By DARIUS DIXON, with help from Alex Guillén

FORMER GREEN HERO LAYS OUT LEGAL ATTACK ON EPA RULE: Opponents of the President Barack Obama’s climate change plan brought out the heavy artillery yesterday, turning to a former hero of the green movement to lay out a legal plan to bring down EPA’s upcoming rules to cut carbon dioxide emissions from power plants. Legal lion Laurence Tribe, a Harvard Law professor who taught constitutional law to President Barack Obama, entered the fight against EPA’s Clean Power Plan, accusing his former student of “burning the Constitution” in the effort to combat climate change.
Since submitting scathing comments on the pending Clean Power Plan rule to EPA in December on behalf of Peabody Energy — the world’s largest private sector coal company — Tribe, who represented Al Gore in Bush v. Gore, has become the darling of anti-EPA Republicans. “You know, I’ve cared about the environment ever since I was a kid. And you know, I taught the first environmental course in this country, and I’ve won major victories for environmental causes. But I’m committed to doing it within the law,” Tribe said.

People just don’t make insults like this anymore: “Laurence Tribe must not have been sworn in over a Bible today before testifying before Congress, because if he had been, that Bible would have burst into flames after his phony testimony about EPA’s legal authority to set standards for unlimited carbon pollution from power plants,” said David DiMartino, adviser to the Climate Action Campaign. Erica Martinson was there, and Pros can read her story here: http://politico.pro/1MJ3y13

TSCA TIME: The Senate Environment and Public Works Committee is set to hold a hearing this morning on bipartisan Toxic Substances Control Act legislation being led by Sens. David Vitter and Tom Udall. Their bill, which is named after the late Sen. Frank Lautenberg, will be defended today by the widow of the former New Jersey senator, Bonnie Lautenberg. She and Udall are making opening statements at today’s hearing but neither will take questions. Jim Jones, the EPA’s assistant administrator for chemical safety and pollution, will then testify, and then another panel is expected to include officials from the Environmental Defense Fund and George Washington University as well as Maryland attorney general Brian Frosh. The Vitter-Udall bill would update the 1976 TSCA law and has drawn a nearly even split of more than a dozen Democratic and Republican cosponsors.
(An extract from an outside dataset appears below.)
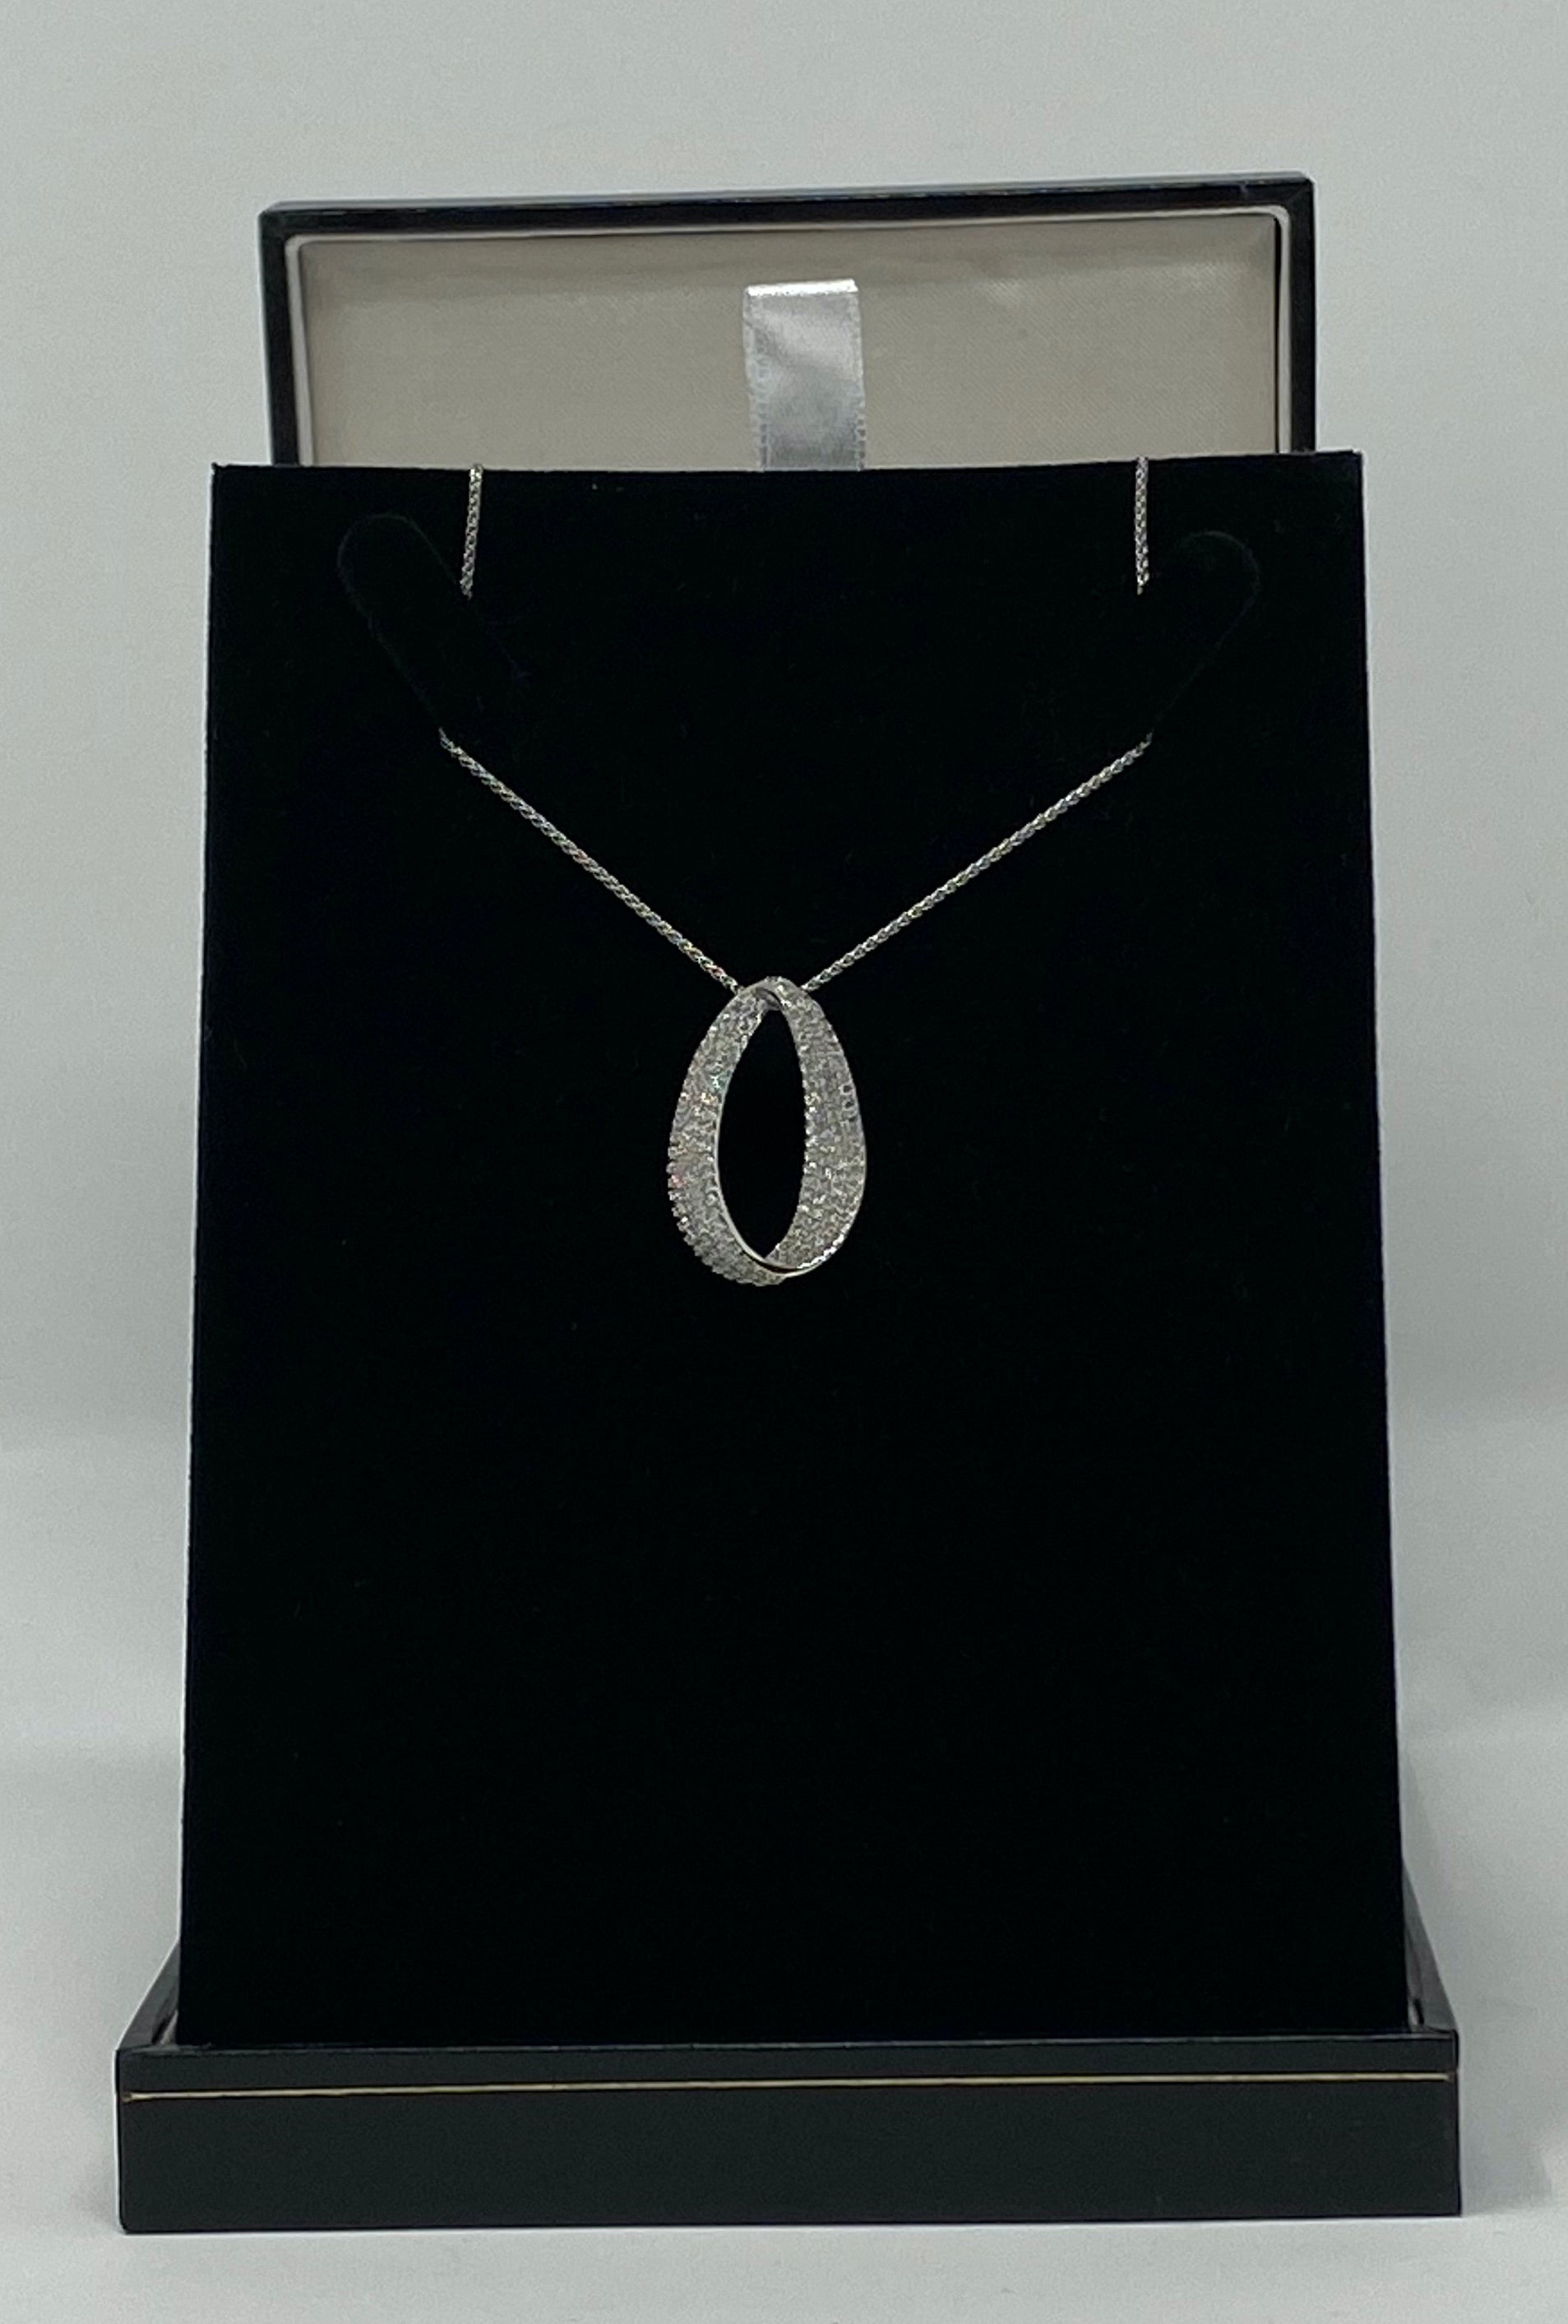 Silver and Cubic Zirconia Necklace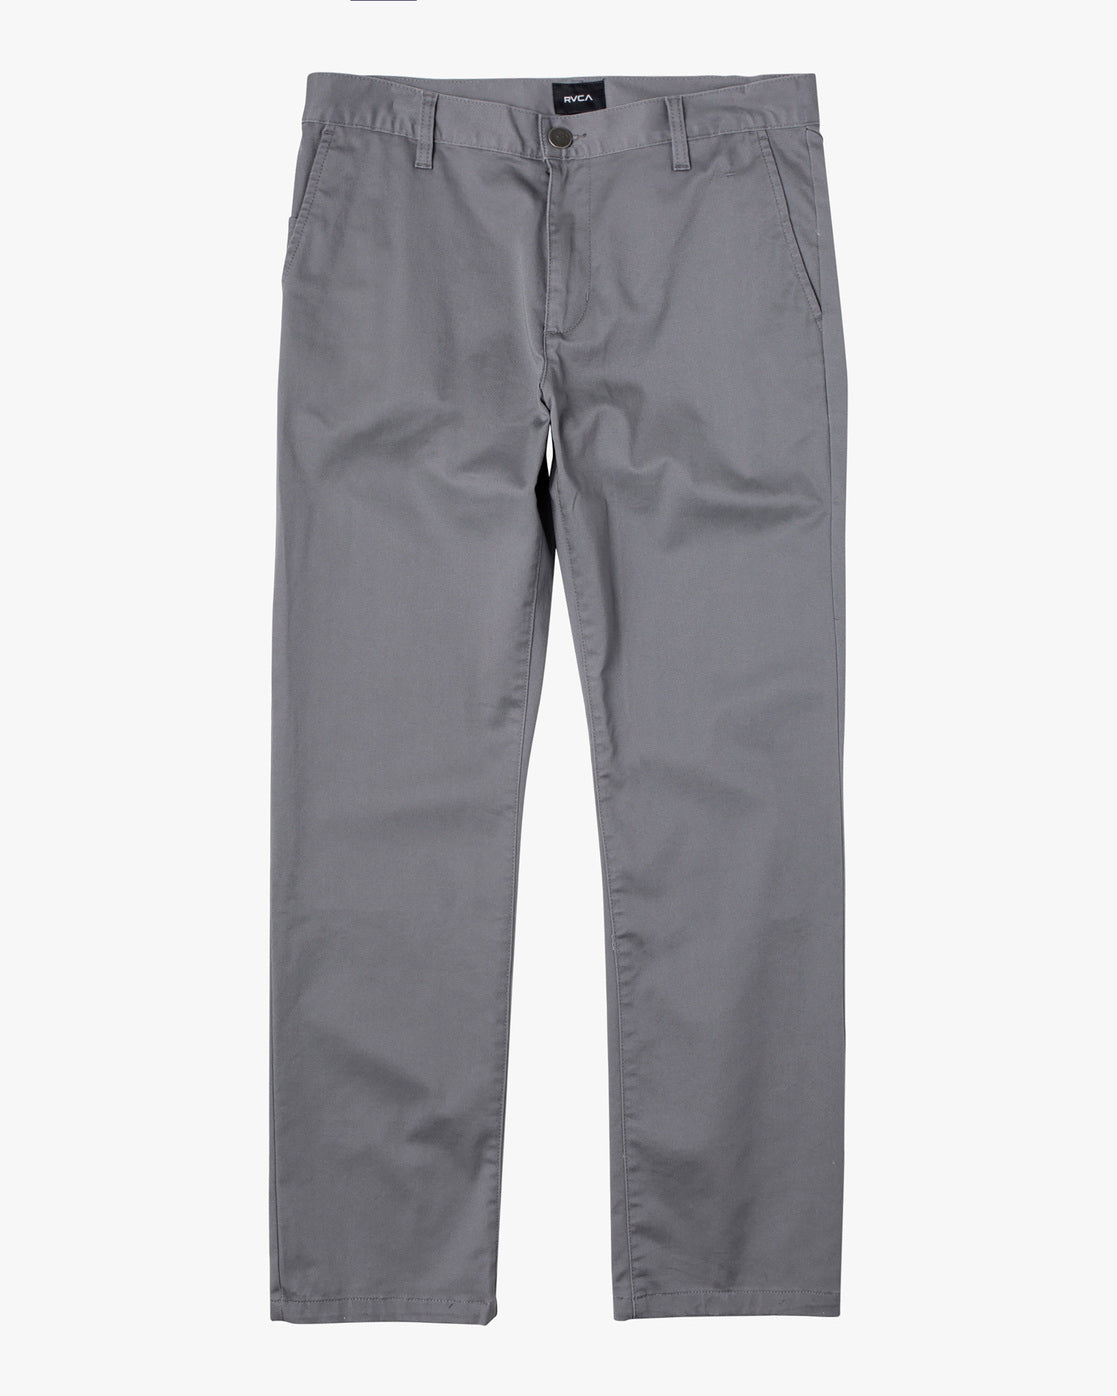 The Weekend Stretch Pants

But there’s some crazy Hogwarts-type sorting going on here. Sen. Barbara Boxer, the top Democrat on EPW, is leading the opposition, ripping the Vitter-Udall bill as a cave to the industry. Vitter-Udall have several senators, EDF, the Bipartisan Policy Center, former New Jersey governors Tom Kean, Christine Todd Whitman and Brendan Byrne, and others on their side. Meanwhile, Boxer has on her side Sen. Ed Markey, Natural Resources Defense Council and Earthjustice. And yesterday, six state attorneys general — New York, Washington, Iowa, Maine, Maryland, and Oregon — joined her house as well. Boxer, Markey and Sen. Bernie Sanders have introduced their own TSCA bill.

Attack, and counter. “To be a hundred percent candid and direct, their bill has been generated by the chemical industry itself,” Boxer said yesterday, pointing to a draft of the Vitter-Udall bill that included “computer coding” showing it originated at the American Chemistry Council. But Udall’s staff shared with POLITICO other suggested edits provided by critics of the bill, including NRDC, to underscore that they reached out to and received input from a lot of interested parties. The hearing starts at 9:30 a.m. in Dirksen 406.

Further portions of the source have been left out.